As illustrated, pull-down circuit 608L circuit framework is similar to pull-up circuit 608H, pull-up circuit can be passed through 608H explanation and understand, therefore be not repeated.

When logical signal Sp and Sn logical value are fixed as " 0 " when, its voltage is respectively 0.4V and 0V, now joint sheet 610 are charged to about 1.5V.Because NMOS NL8 strangulation effect, the tie point Ncon voltages between NMOS NL8 and NL6 1.1V-Vthn can be charged in advance, wherein, Vthn is the critical voltage (threshold of some nmos pass transistors in integrated circuit voltage).In an example, Vthn 0.81V, and in integrated circuit some PMOS transistors critical voltage Vthp=- 1.05V.When signal Sp and Sn logical value all by " 0 " be transformed into " and 1 " when, its voltage is respectively become as 1.5V and 1.1V.Now PMOS PH6 are closed into NMOS NL6, the NL7 that are switched on for open circuit, joint sheet 610 and NL8 is pulled down, so its magnitude of voltage returns Decline since 1.5V toward 0V.NMOS NL6 are less than NMOS NL7 for logical signal Sn for logical signal Sn reaction speed Reaction speed, so the decline that contact Ncon voltage can relax, avoid NMOS NL8 highest drain-source from biasing (maximum Drain-to-source voltage) excessively produce thermoelectron more than 1.1V and NMOS NL8 are caused damage.

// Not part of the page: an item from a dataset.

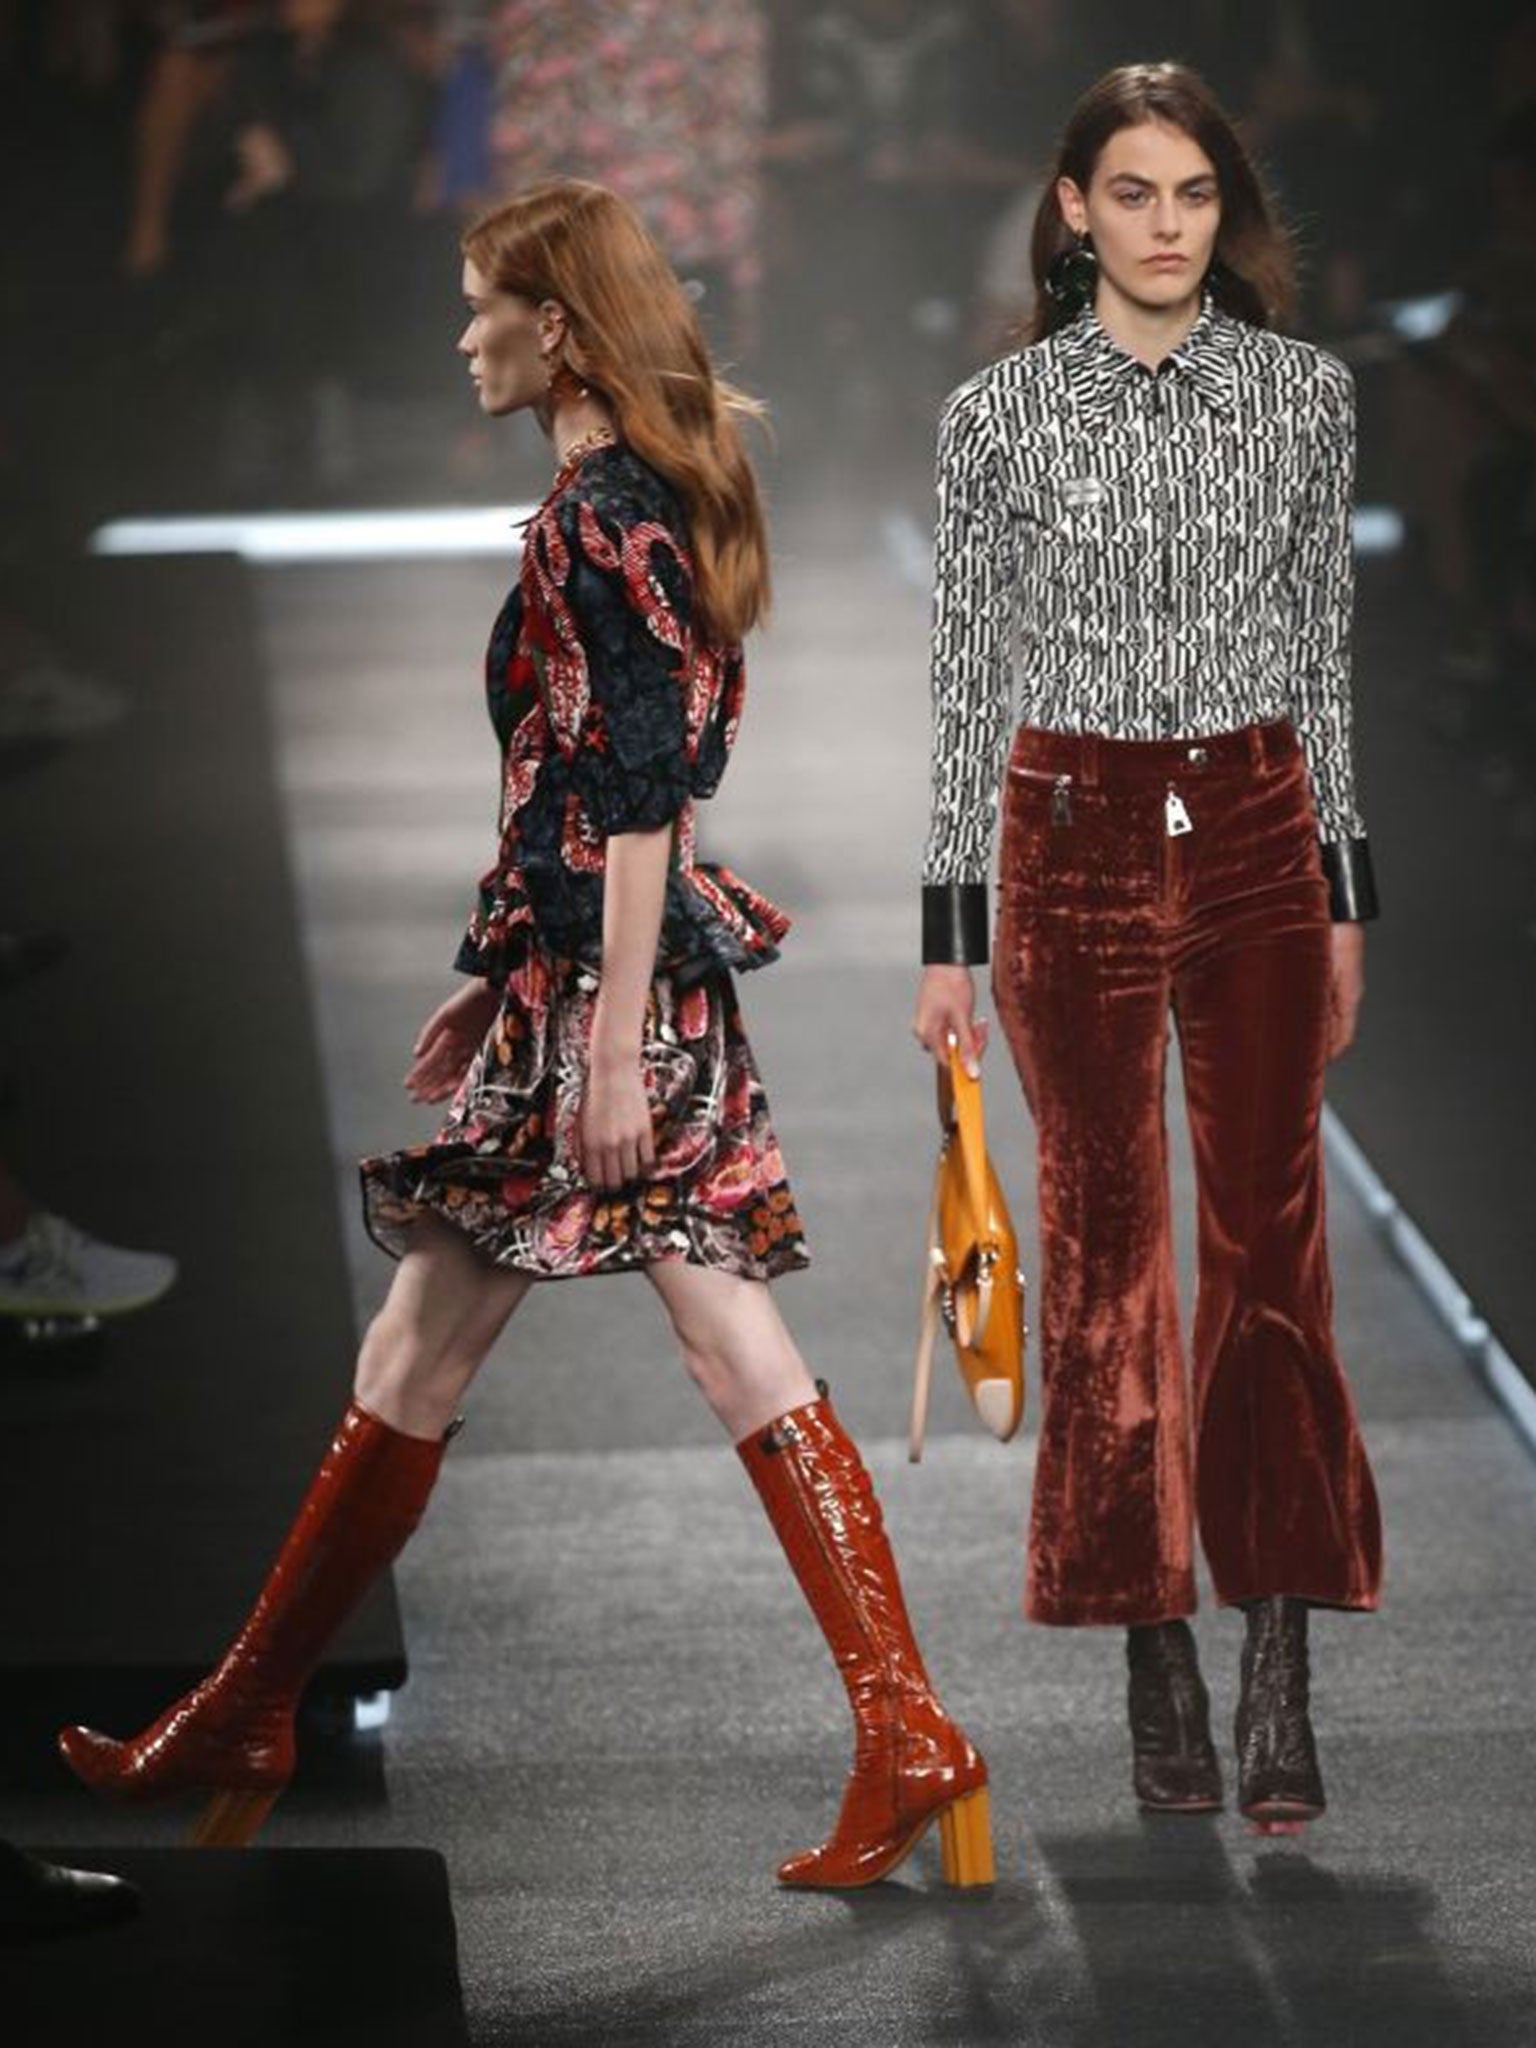 Models present Louis Vuitton's Spring/Summer 2015 ready-to-wear fashion collection during Paris Fashion Week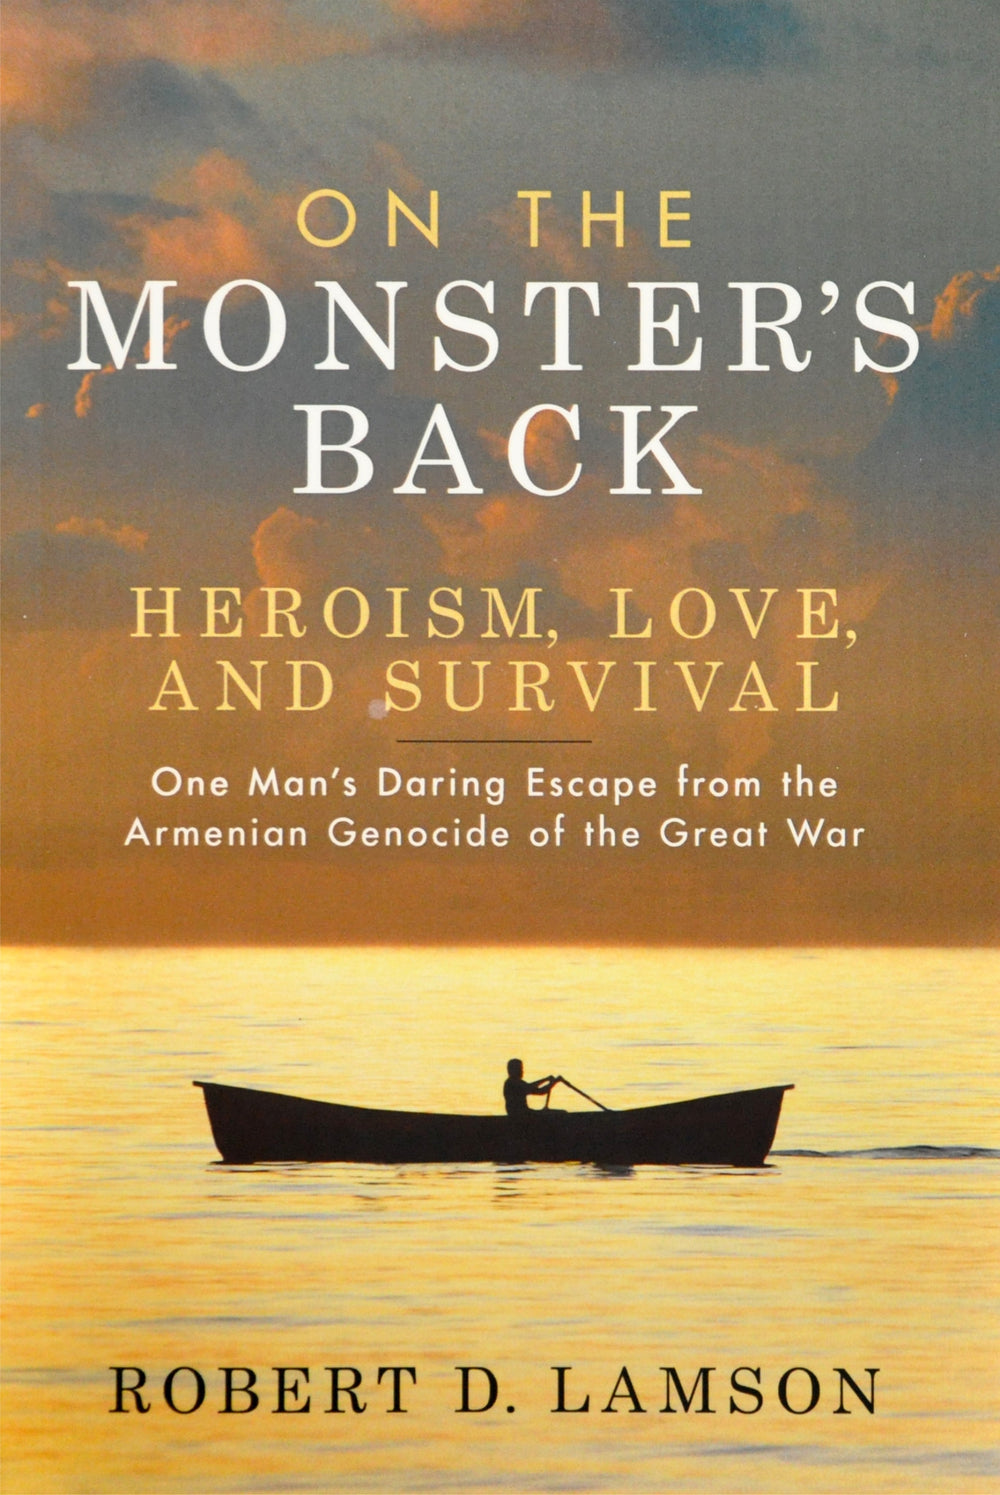 On The Monster's Back: Heroism, Love, and Survival

Similar reason, when signal Sp and Sn logical value all by " 1 " be transformed into " and 0 " when, NMOS NL6 be closed into for Open circuit, joint sheet 610 PMOS PH6, PH7 switched on and PH8 are pulled up, so its magnitude of voltage can rise since 0V toward 1.5V. PMOS PH6 are less than reaction speeds of the PMOS PH7 for signal Sp for signal Sp reaction speed, so tie point Pcon It the rising that voltage can relax, can about control PMOS PH8 minimum drain-source to be biased near -1.1V, avoid producing energy mistake Strong thermoelectron and PMOS PH8 are caused damage.

Although pull-down circuit 608L and pull-up circuit 608H use the core parts suitable for 1.1V operating voltages, Powered by higher 1.5V power supplys.More than analysis with element reliability simplation verification it was found from, it is appropriately designed under drop-down Circuit 608L and pull-up circuit 608H can meet the demand of general business reliability.

From the perspective of reaching identical driving force, the current driving capability summation of NMOS NL7 and NL8 in Fig. 3 will The current driving capability of NMOS NL2 in approximately equal to prior art Fig. 2.Therefore, understood under comparing, for element size, NMOS NL8 can be smaller than NMOS NL2, so NMOS NL8 control gate also can be compared with to the parasitic capacitance between joint sheet 610 It is small.In Fig. 3 from coupling electric capacity CN, relative in prior art Fig. 2 from coupling electric capacity 124, it is possible to it is smaller, one can be saved A little semiconductor areas.It is similar, in Fig. 3 can also be smaller from coupling electric capacity 122 than in Fig. 2 from coupling electric capacity CP, save some half Conductor area.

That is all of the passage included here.